# Your objective
Everything from the line with "Longterm Followup Assessment" to the line with "Red roses against a yellow and pink wall." in the listing below, both lines included, needs to be copied exactly, apart from the pictures.

# Data excerpts
__________

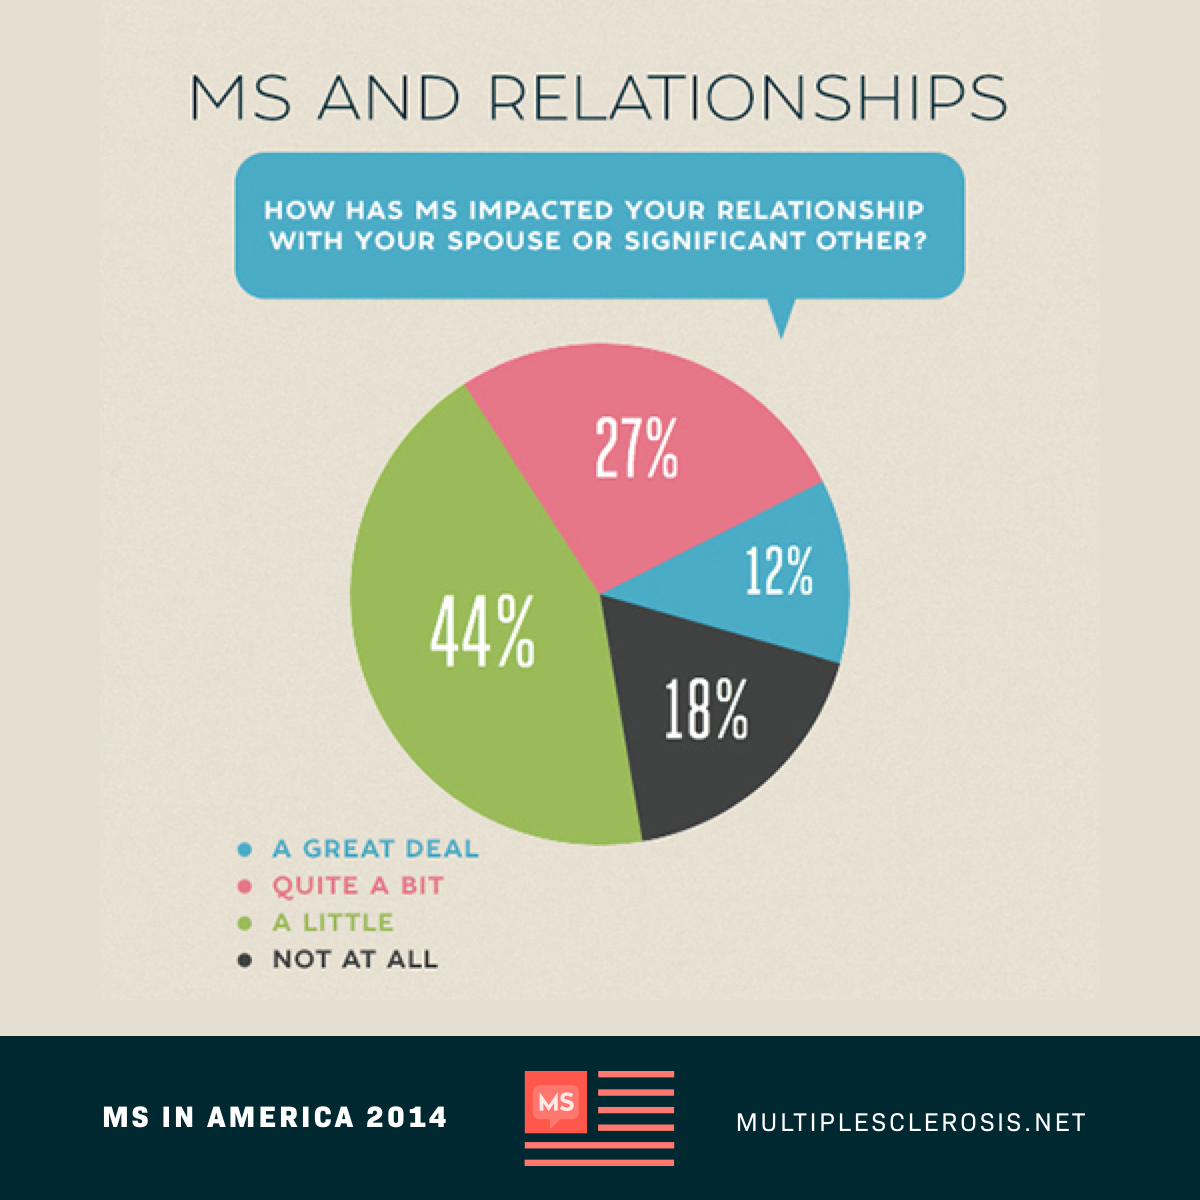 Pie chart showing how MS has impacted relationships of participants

__________

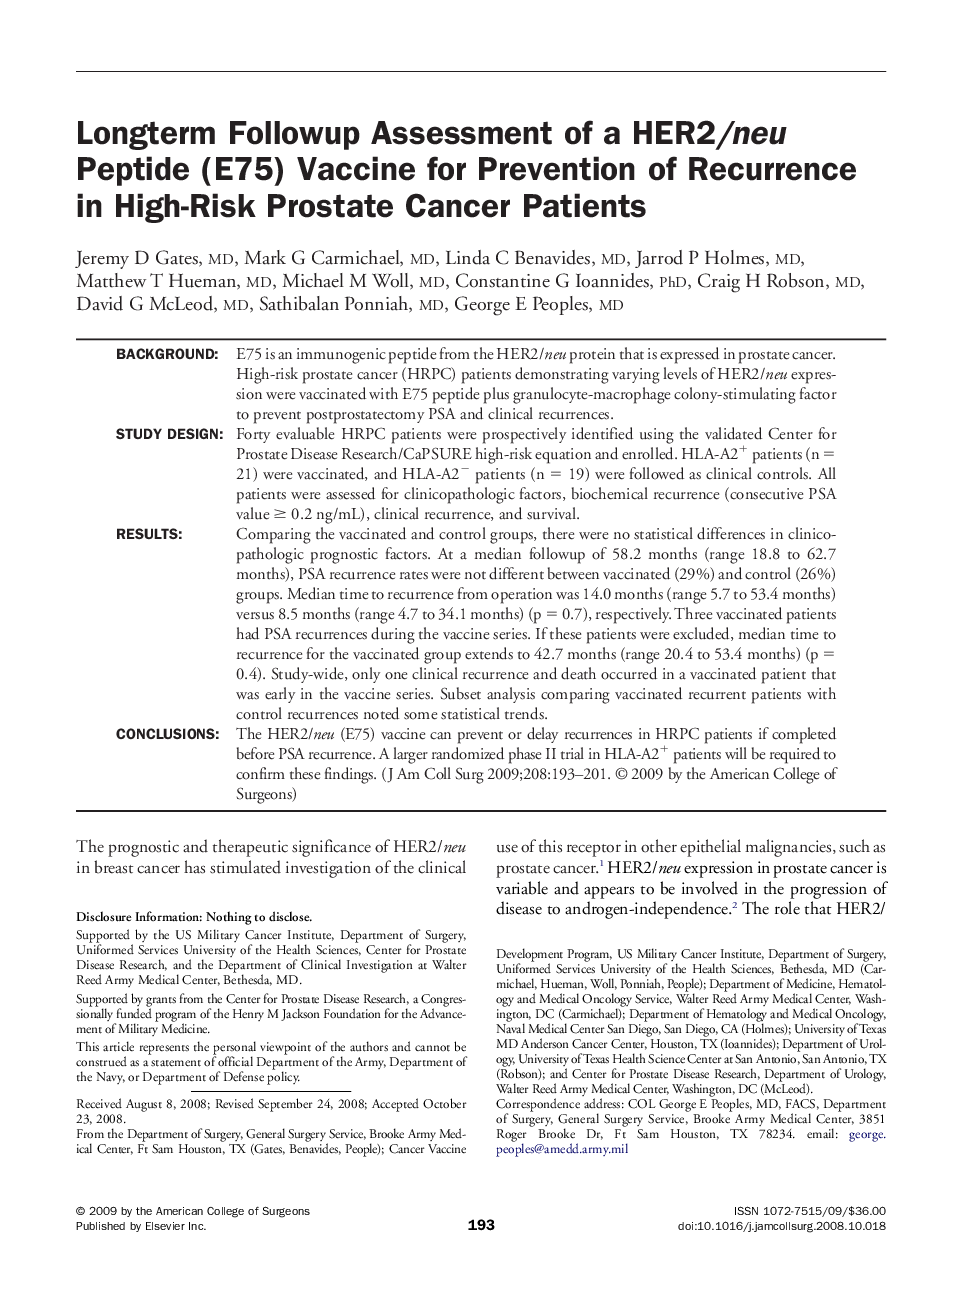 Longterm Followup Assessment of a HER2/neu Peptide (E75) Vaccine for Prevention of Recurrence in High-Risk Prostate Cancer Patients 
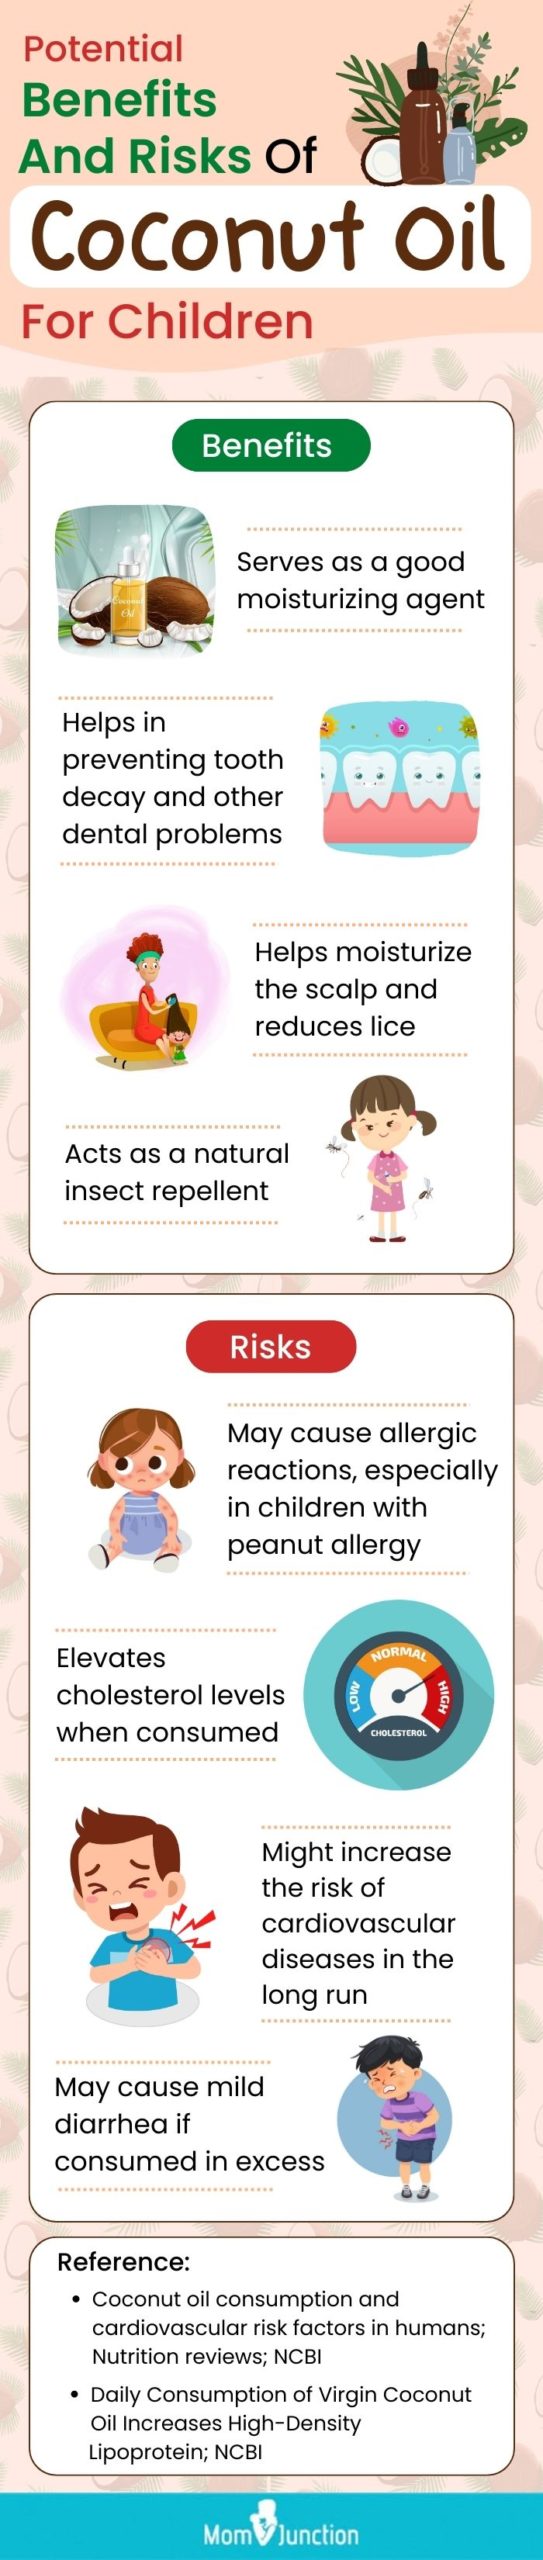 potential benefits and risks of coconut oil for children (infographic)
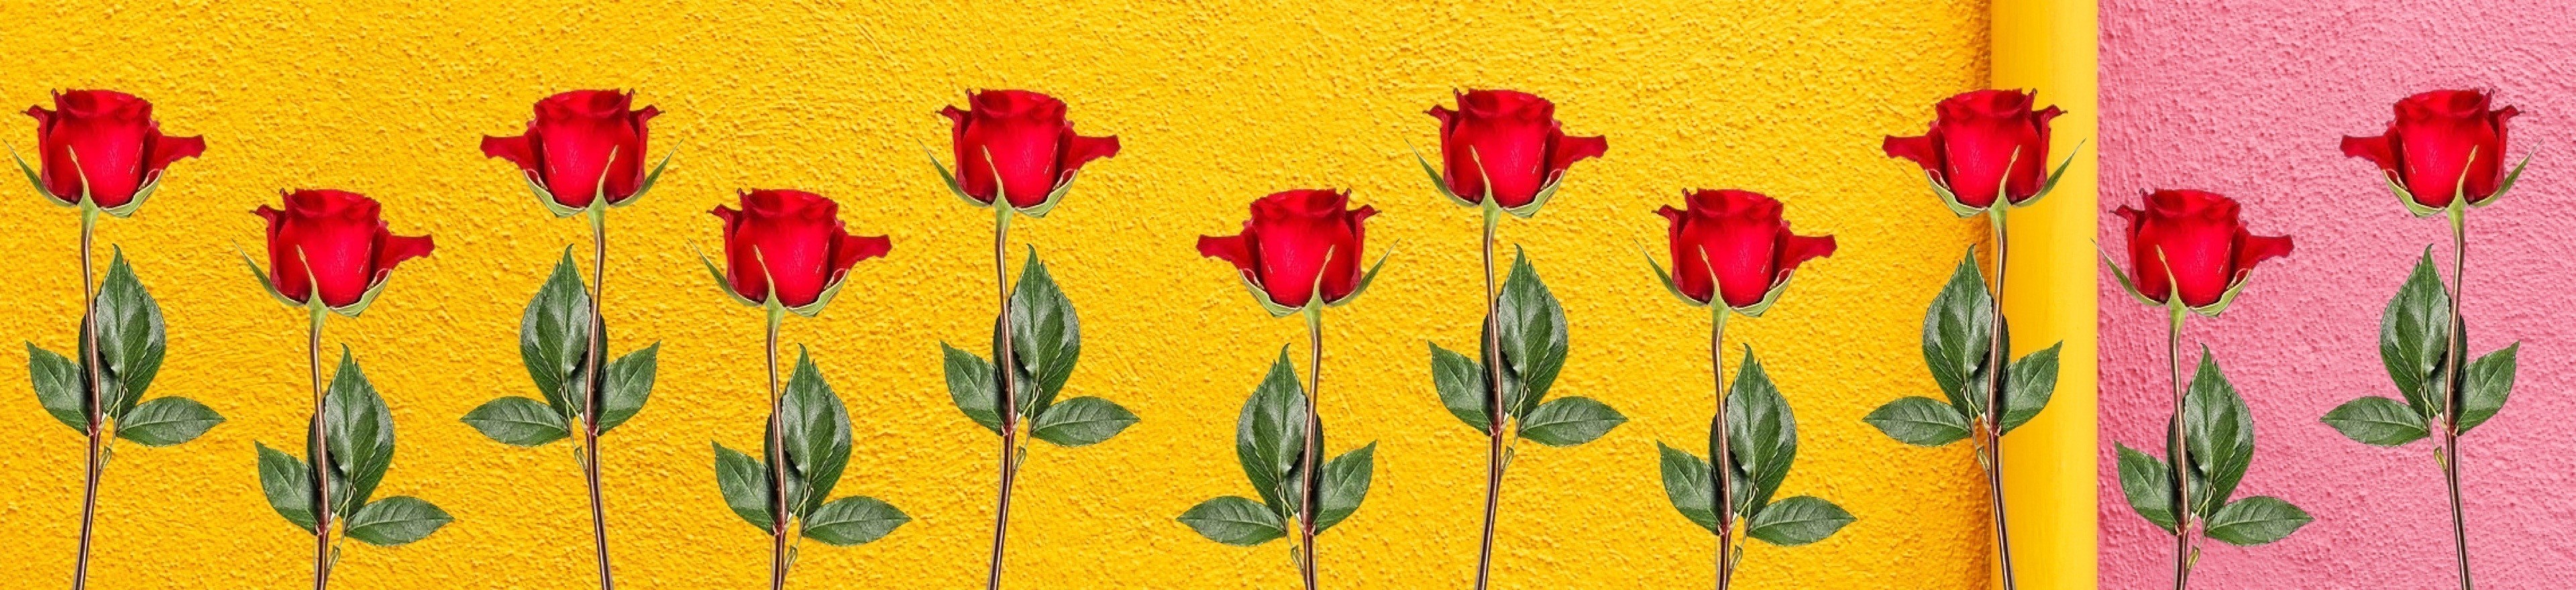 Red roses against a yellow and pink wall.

__________

# Result for this exercise
 Longterm Followup Assessment of a HER2/neu Peptide (E75) Vaccine for Prevention of Recurrence in High-Risk Prostate Cancer Patients 
 potential benefits and risks of coconut oil for children (infographic)
 Red roses against a yellow and pink wall.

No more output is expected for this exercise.